Zachary Garrett – Shawnee Professional Services
Surveyors are licensed under state laws in all fifty states; surveying is subject to regulation because their work pertains to the protection of property rights. How do surveyors protect property rights? By encouraging confidence in the integrity of property boundaries and providing an orderly approach to solving property line disputes; both of these benefits come from the informed, reliable opinion provided by the surveyor based on education, training, and experience. This is the most vital aspect of the services that surveyors provide. Accurate measurements and readable plats are helpful, but surveyors provide a basis for confidence, conflict avoidance, and conflict resolution when it matters most.
While there is no substitute for the professional opinion supplied by the surveyor, some stakeholders in the process want to take shortcuts. These stakeholders perceive that they are saving money, especially on low-value properties where the cost of a survey represents a large percentage of the property’s value. These shortcuts take many different forms – a reliance on tax maps or consumer-grade GPS products like those found on smartphones and in hiking equipment – but the common thread that connects them all is the perception that one is saving money or time, discounting the true value a surveyor provides.
In recent news, one attempt to shortcut the vital survey process comes from a Mississippi startup called Vizaline, which provides products to bankers which they describe as “a polygon of a particular property of interest”. Their product is called “Vizaplat”, which comes dangerously close to the name of the plat that a surveyor provides illustrating his or her legally authorized, professional opinion of property boundaries. Additionally, they describe themselves as a “GEO-Spatial Consultant”, which tests the boundaries of legality by marketing geospatial expertise – that is, the science of locating features on the surface of the earth – to those who rely on that expertise to make decisions with real financial consequences. In the October 2018 issue of POB, land surveyor and attorney Jeffery Lucas delivers a thorough exploration of the legal issues involved with service that Vizaline provides, but the primary sticking point is that Vizaline appears to be making judgments as to the location of property boundaries and encroachments. Otherwise, savvy clients could just use county tax maps, which are a notoriously unreliable indicator of property lines.
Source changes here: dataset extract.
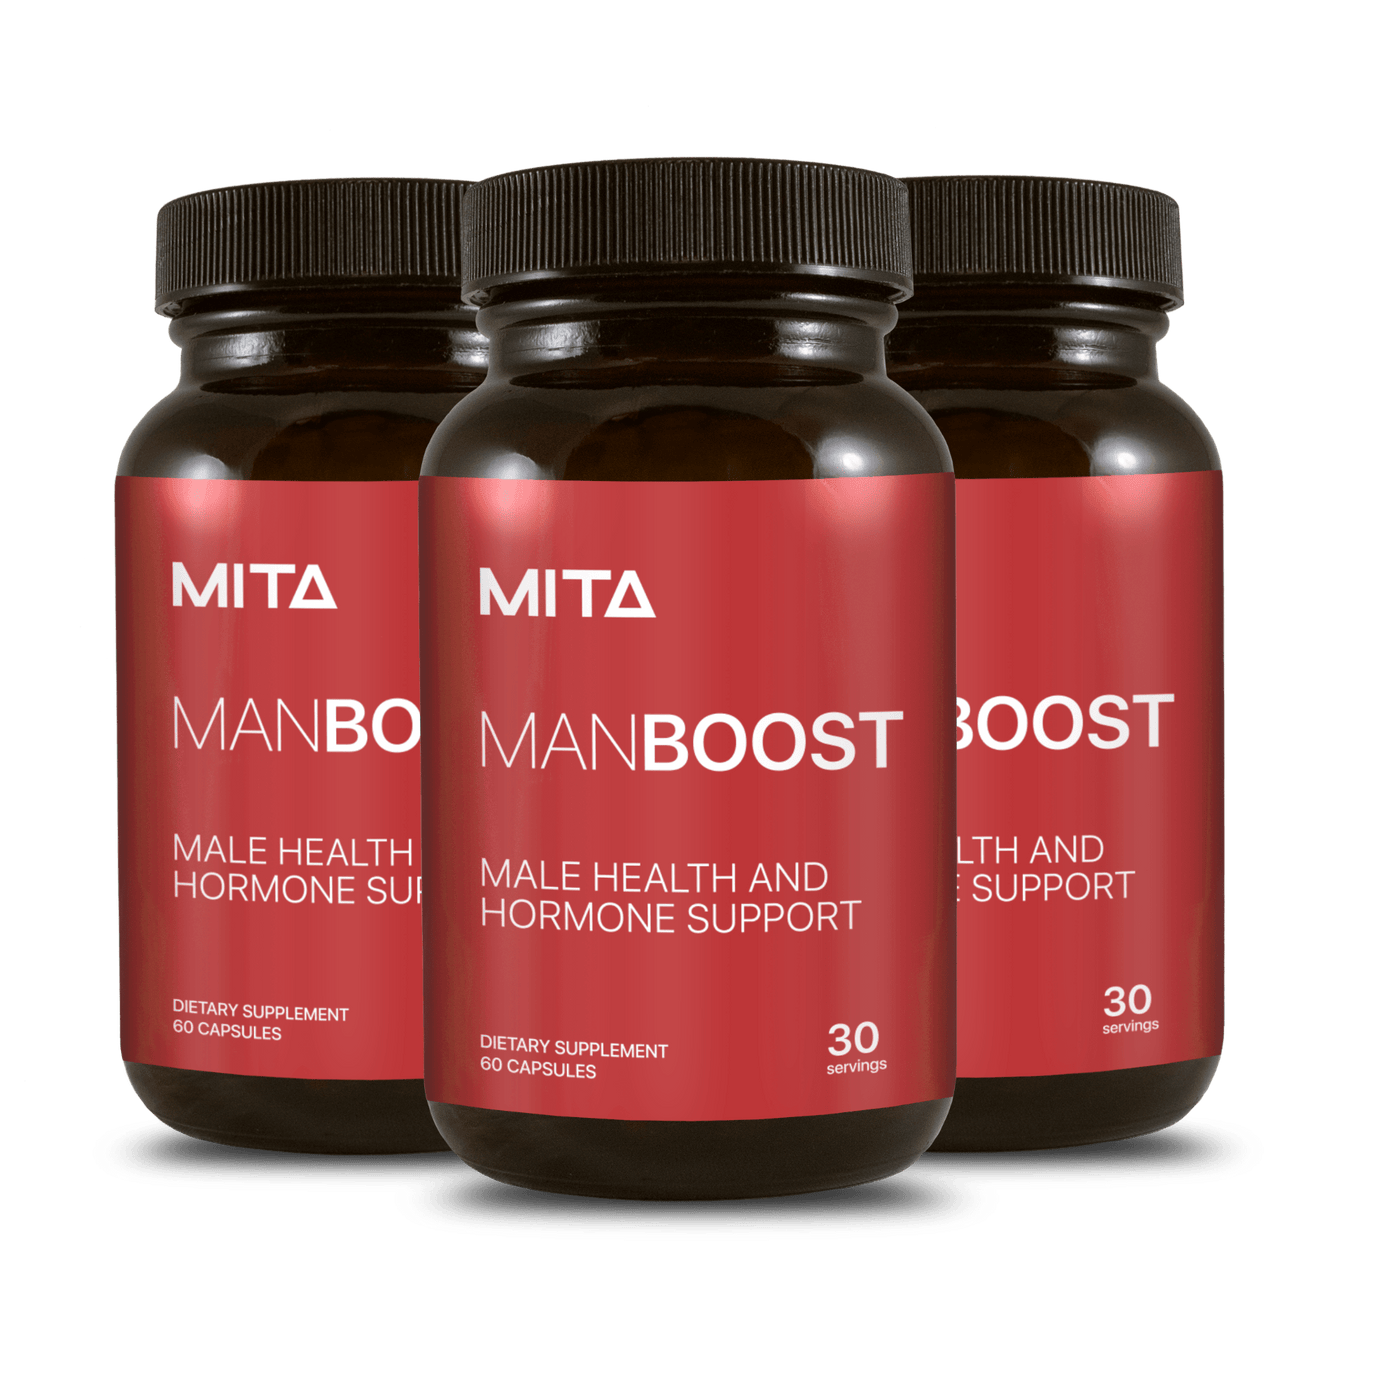 3 Bottles of Man Boost (One-time Offer)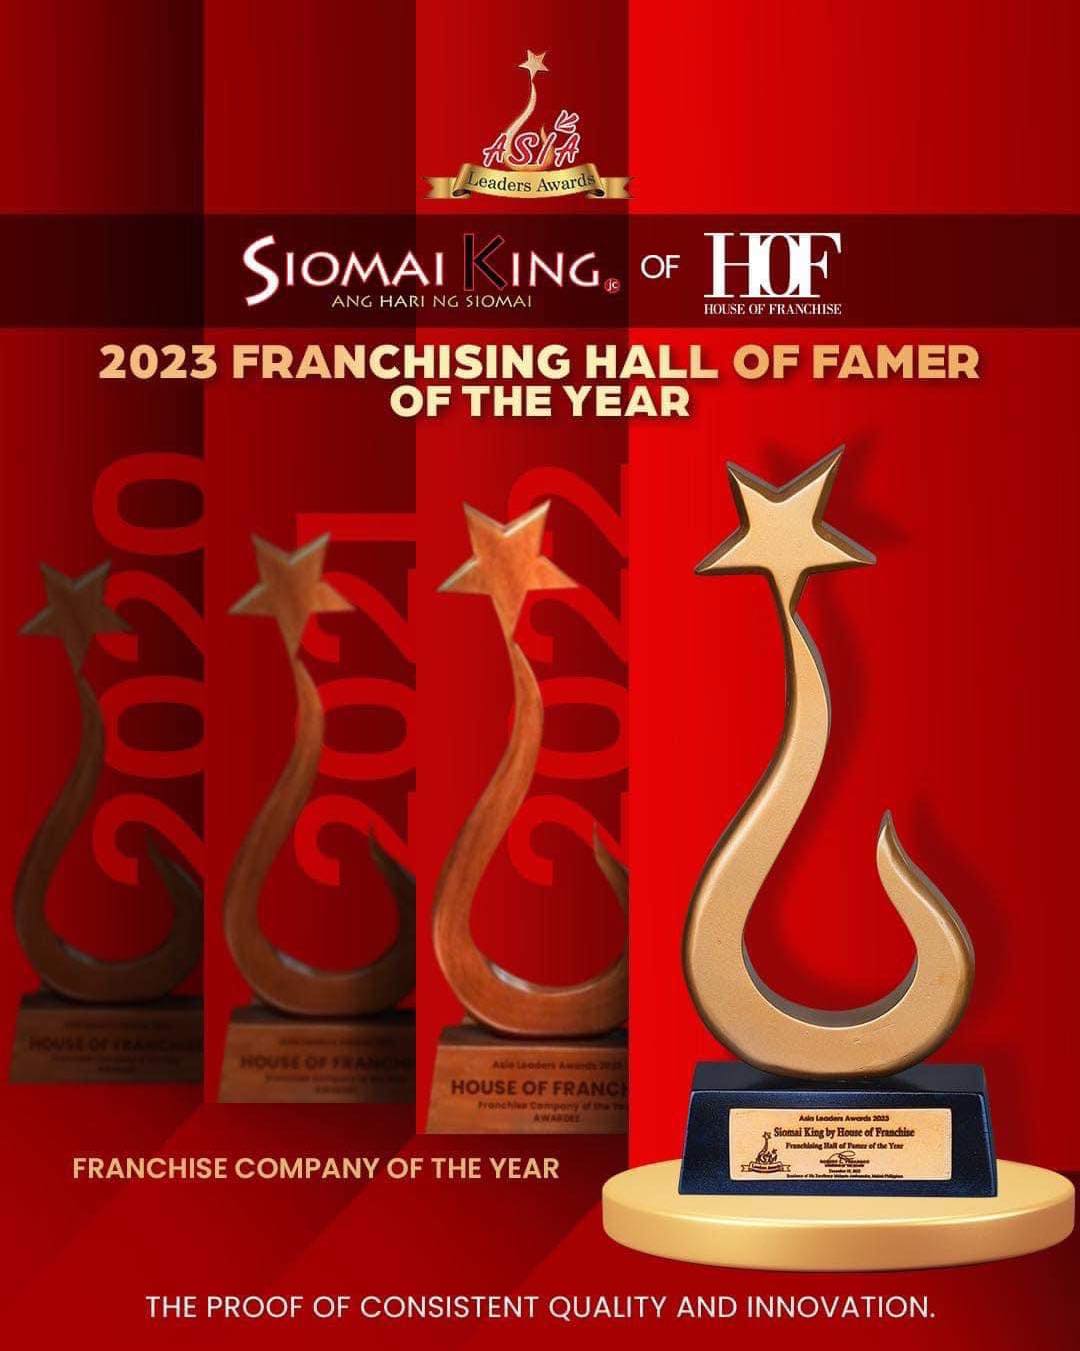 You are currently viewing Siomai King, the Franchising Hall of Famer of the Year 2023

Worse, some commentators promote these services as a revolutionary transformation for stakeholders. On Bloomberg, a business website, opinion columnist Stephen Carter, misunderstanding the value surveyors provide, exuberantly portrays such services as being in the same vein as Uber or Lyft, which connects car riders with drivers, undermining the influence of licensed taxi services. However, driving a car is different than developing an informed professional opinion on property boundaries. Almost every American seventeen-year-old has the basic skills needed to drive a car. Surveying is closer to law, medicine, or even teaching middle school: it requires a set of skills that can only be formed by specialized training and lengthy experience, and the consequences for failing to apply those skills can be significant. The commendable inclination to support free enterprise must take into consideration the need to protect life, public safety, and property rights. A survey, which, at its root, is a judgment regarding property boundaries, ought to be performed by those who have the expertise to do so, and a “geo-spatial consultant” cannot dodge that responsibility by simply choosing not to call their product a survey.
Sometimes, it is true that a particular property has such clear property boundaries or is of sufficiently low value that a land survey is not justified. However, it is important for the landowner and other stakeholders (banks, attorneys, real estate professionals) to be conscious of what they are giving up – the opportunity to have an informed, reliable, and reasoned professional opinion as to the location of property boundaries and other factors that many impact one’s right to use their property, like encroachments and access issues. In all other cases – when it really matters – cutting corners exposes stakeholders more expense and frustration in the future.
(Lucas, 2018)(Carter, 2018)
References
Carter, S. L. (2018). Land Surveyors Are Paying the Price of Progress. Bloomberg. Retrieved December 4, 2018, from https://www.bloomberg.com/opinion/articles/2018-07-19/land-surveys-follow-path-drawn-by-uber-airbnb-and-tech-startups
Lucas, J. N. (2018). The Unauthorized Practice of Surveying. POB, 19–21.